▶ **Exercise description**
What you hand back must match the records word for word, with no pictures.

(Extracted records)
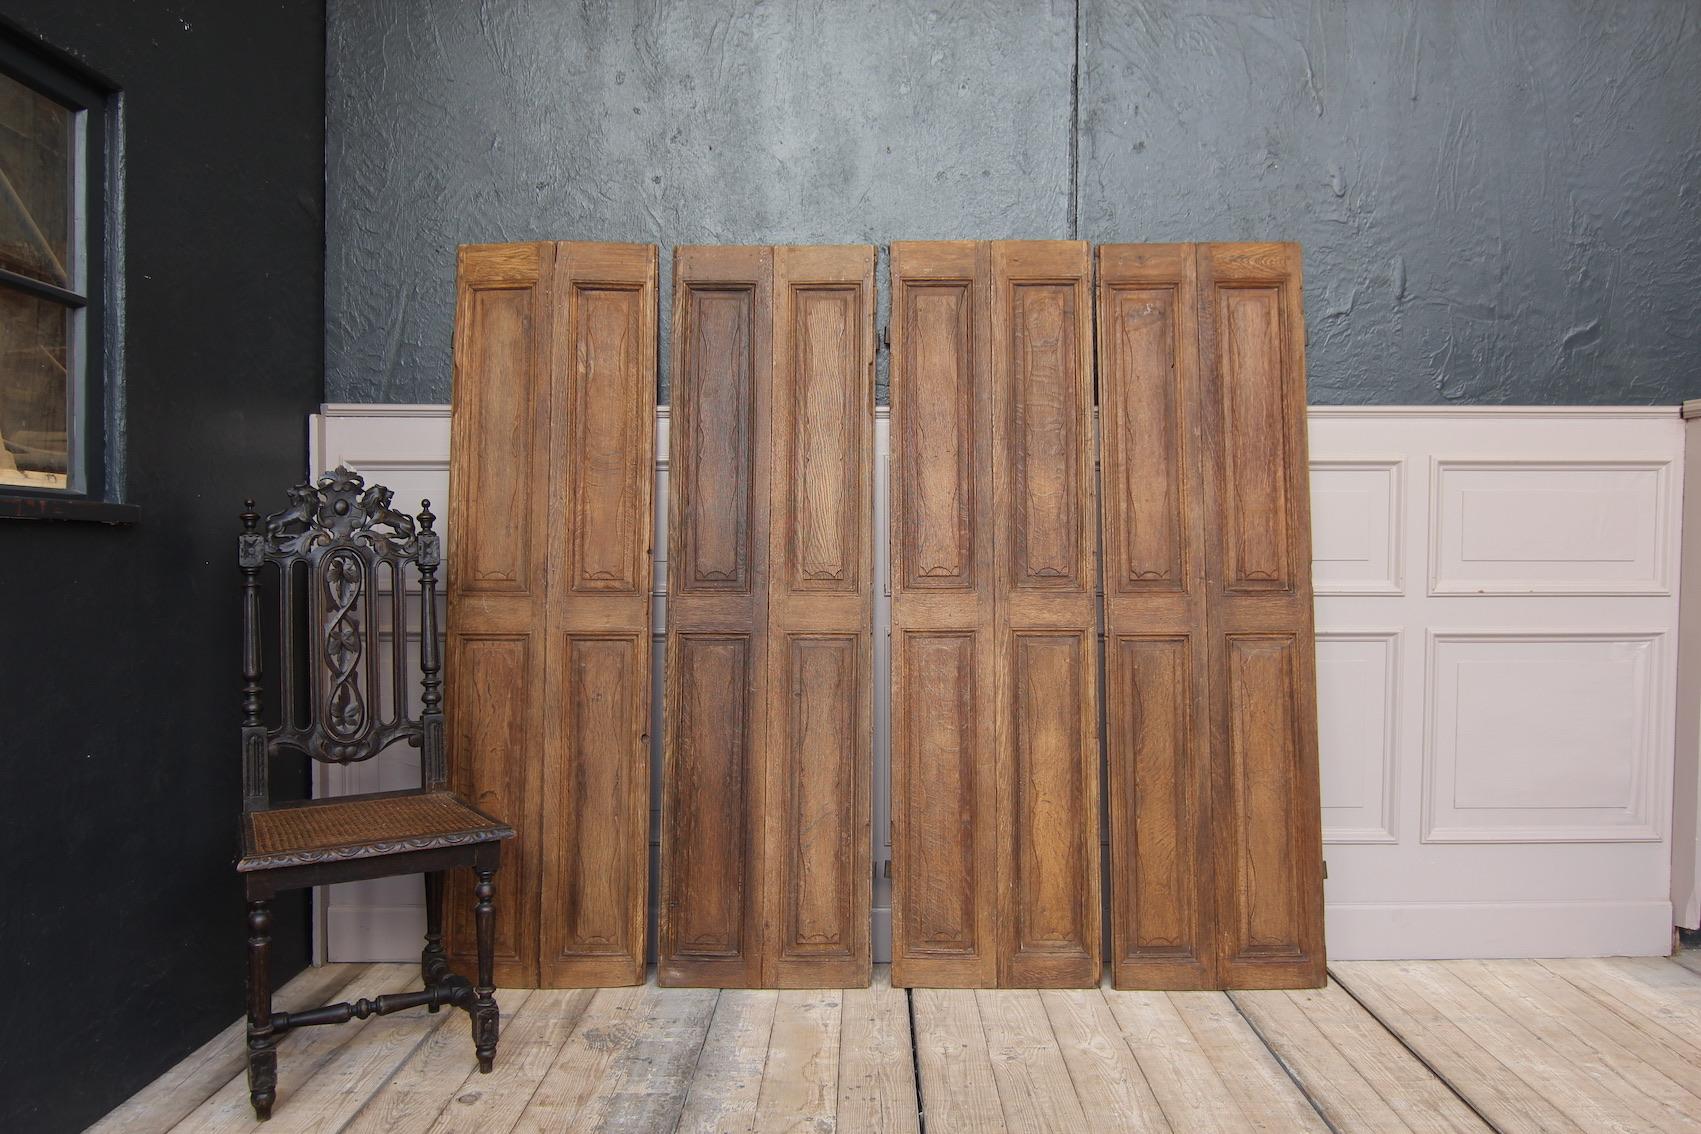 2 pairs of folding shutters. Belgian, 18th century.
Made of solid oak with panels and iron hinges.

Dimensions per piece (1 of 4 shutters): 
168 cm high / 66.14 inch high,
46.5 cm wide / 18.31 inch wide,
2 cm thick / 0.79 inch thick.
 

▶ **Worked solution**
 2 pairs of folding shutters. Belgian, 18th century.
Made of solid oak with panels and iron hinges.

Dimensions per piece (1 of 4 shutters): 
168 cm high / 66.14 inch high,
46.5 cm wide / 18.31 inch wide,
2 cm thick / 0.79 inch thick.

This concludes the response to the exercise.